There are different ways to declare functions. The first method below (regular function) is hoisted and is generally not recommended. AirBnB recommends either using arrow functions or named function expressions - the latter have an advantage over anonymous function expressions when examining the strack trace of a program (e.g. when debugging). Arrow functions are preferred when assigning callbacks and the function needs to be anonymous (as in the last example).

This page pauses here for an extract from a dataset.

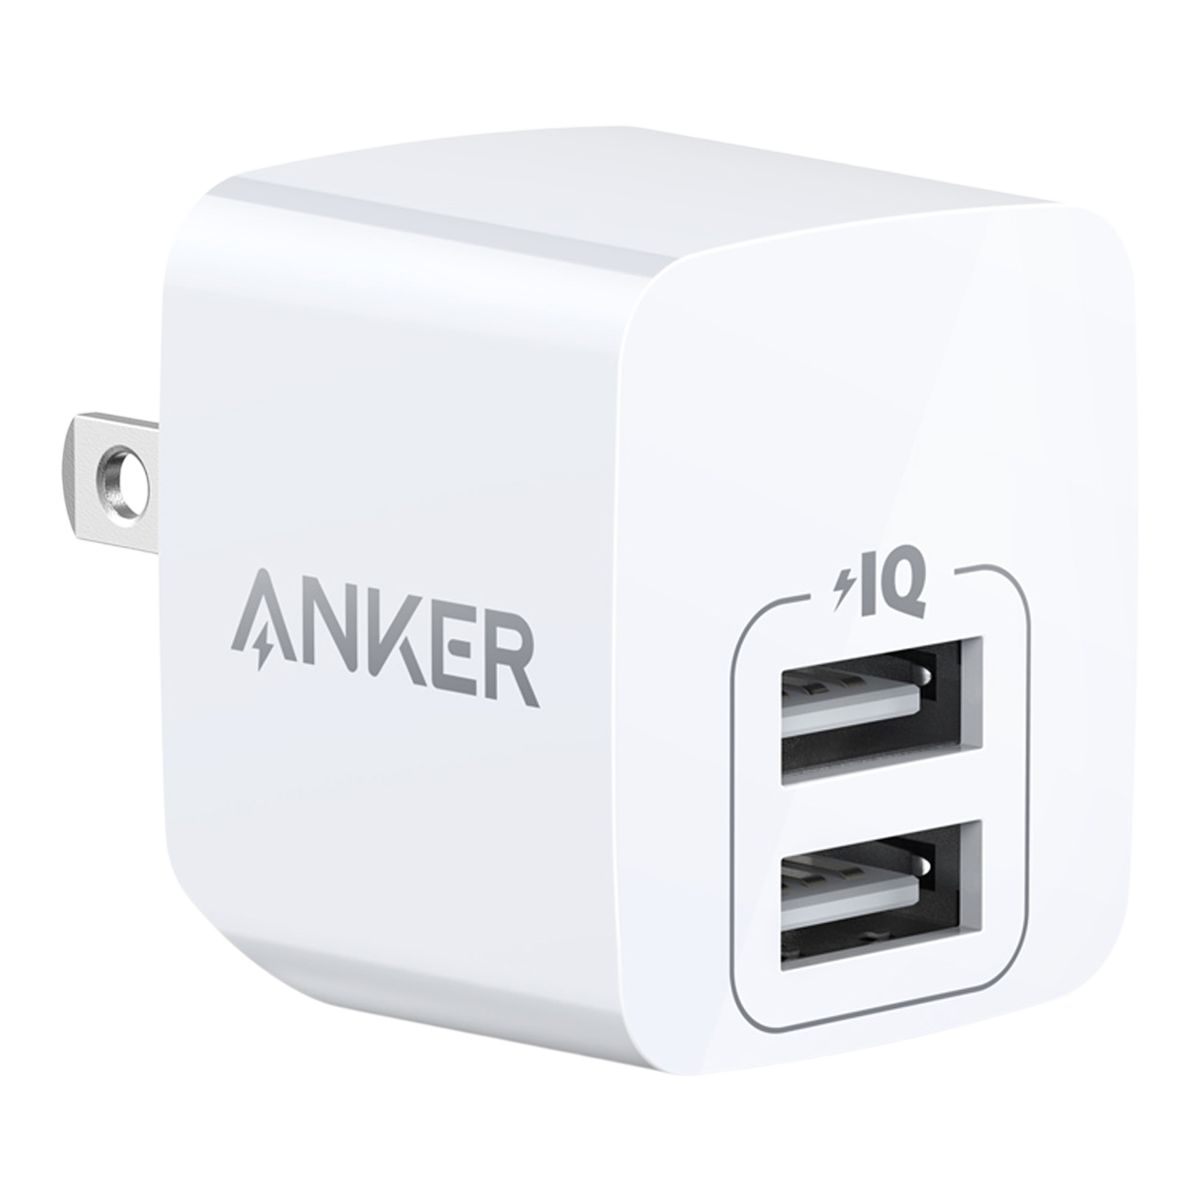 Anker PowerPort Mini Dual Port Charger
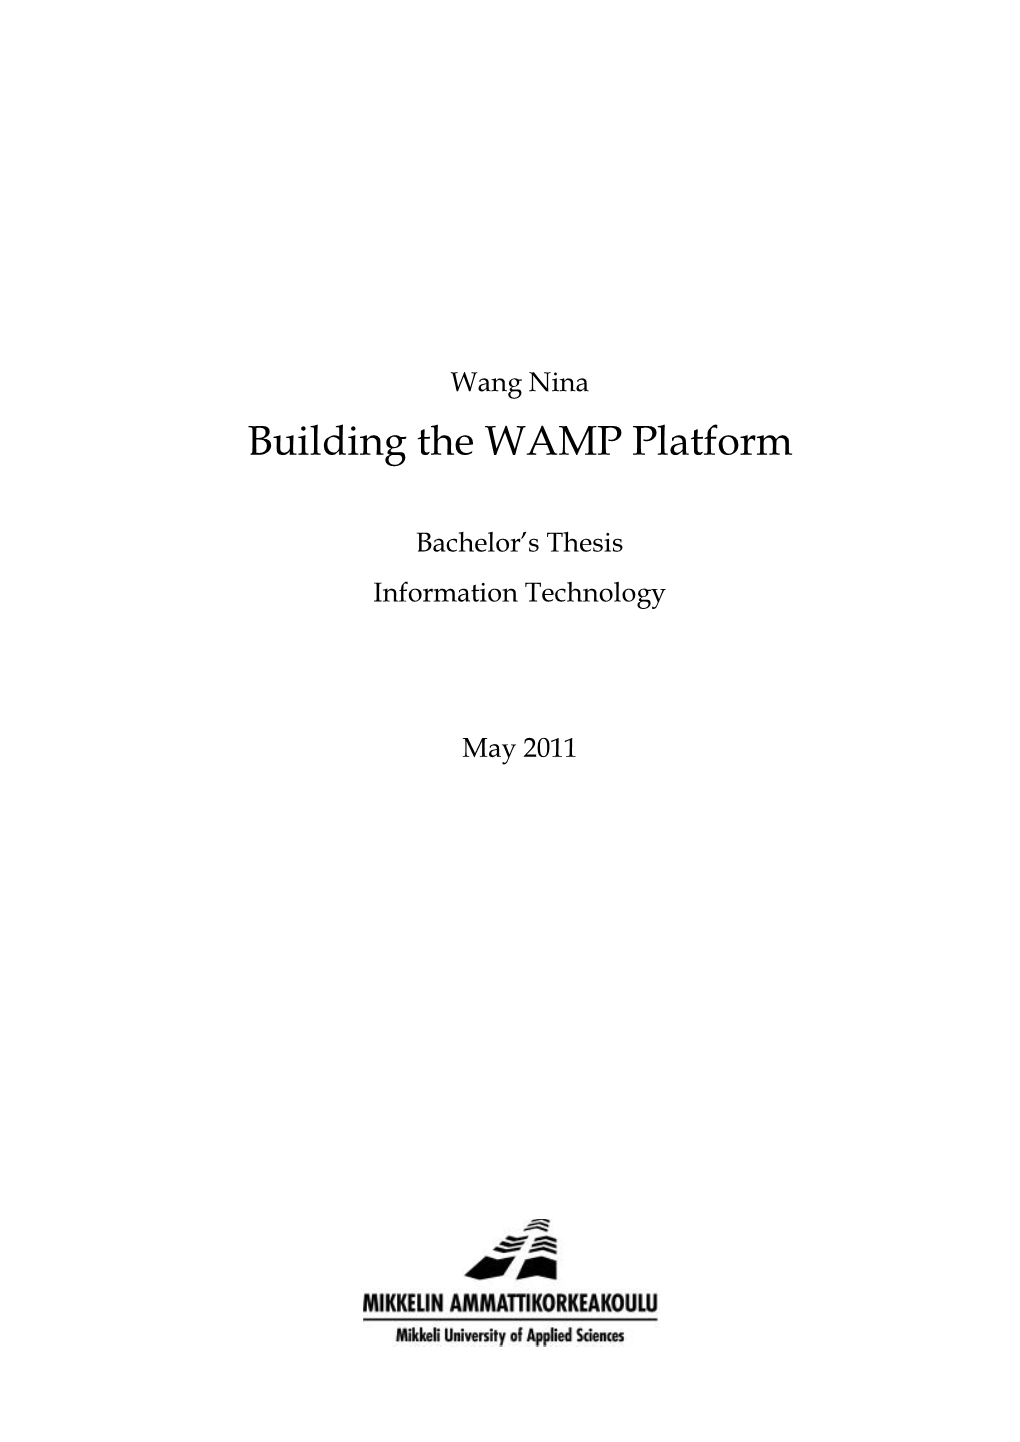 Building the WAMP Platform

// regular function (hoisted)
function add1(x, y) {
  return x + y;
}

// anonymous function expression (not hoisted)
let add2 = function(x, y) {
  return x + y;
};

// named function expression (not hoisted)
let add3 = function addsTwoNumbers(x, y) {
  return x + y;
}

// arrow functions (not hoisted)
let add4 = (x, y) => {
  return x + y;
};

console.log(add1(1, 2)); // 3
console.log(add2(2, 3)); // 5
console.log(add3(3, 4)); // 7
console.log(add4(4, 5)); // 9

// setting the callback when a key is pressed for the web page
window.addEventListener('keydown', (event) => {
  console.log(event.key, ' was pressed!');
});
// then click on the main page to bring it into focus and press some keys!

Classes and Objects

class Pixel {
  constructor(r, g, b) {
    this.r = r;
    this.g = g;
    this.b = b;
  }

  scale(a) {
    this.r *= a;
    this.g *= a;
    this.b *= a;
  }
}

let p = new Pixel(0.5, 0.5, 0.5); // create a pixel object
// p.r = 0.5, p.y = 0.5, p.z = 0.5

p.scale(255);
// p.r = 127.5, p.y = 127.5, p.z = 127.5

The scale method was defined directly in the class definition. Alternatively, we can define methods outside of the class using prototypes (although it isn't recommended by AirBnB):

Pixel.prototype.set = function(r, g, b) {
  this.r = r;
  this.g = g;
  this.b = b;
}
p.set(1, 0, 0);
// p.r = 1, p.g = 0, p.b = 0

Also note that objects can be created directly using JSON:

const canvasInfo = {
  'id': 'myHtmlCanvas',
  'width': 600,
  'height': 400
};
console.log(canvasInfo.width); // 600

Representing the geometry in our scenes.

How would you represent the geometries in the previous examples? Typically, these are represented using a "soup" of either triangles or quadrilaterals in which each triangle is represented by three 3d points and each quadrilaterial is represented by four 4d points. This is fine for most of the things we will do in our course, but there are more efficient ways that use the "connectivity" between points on the surface without duplicating these points.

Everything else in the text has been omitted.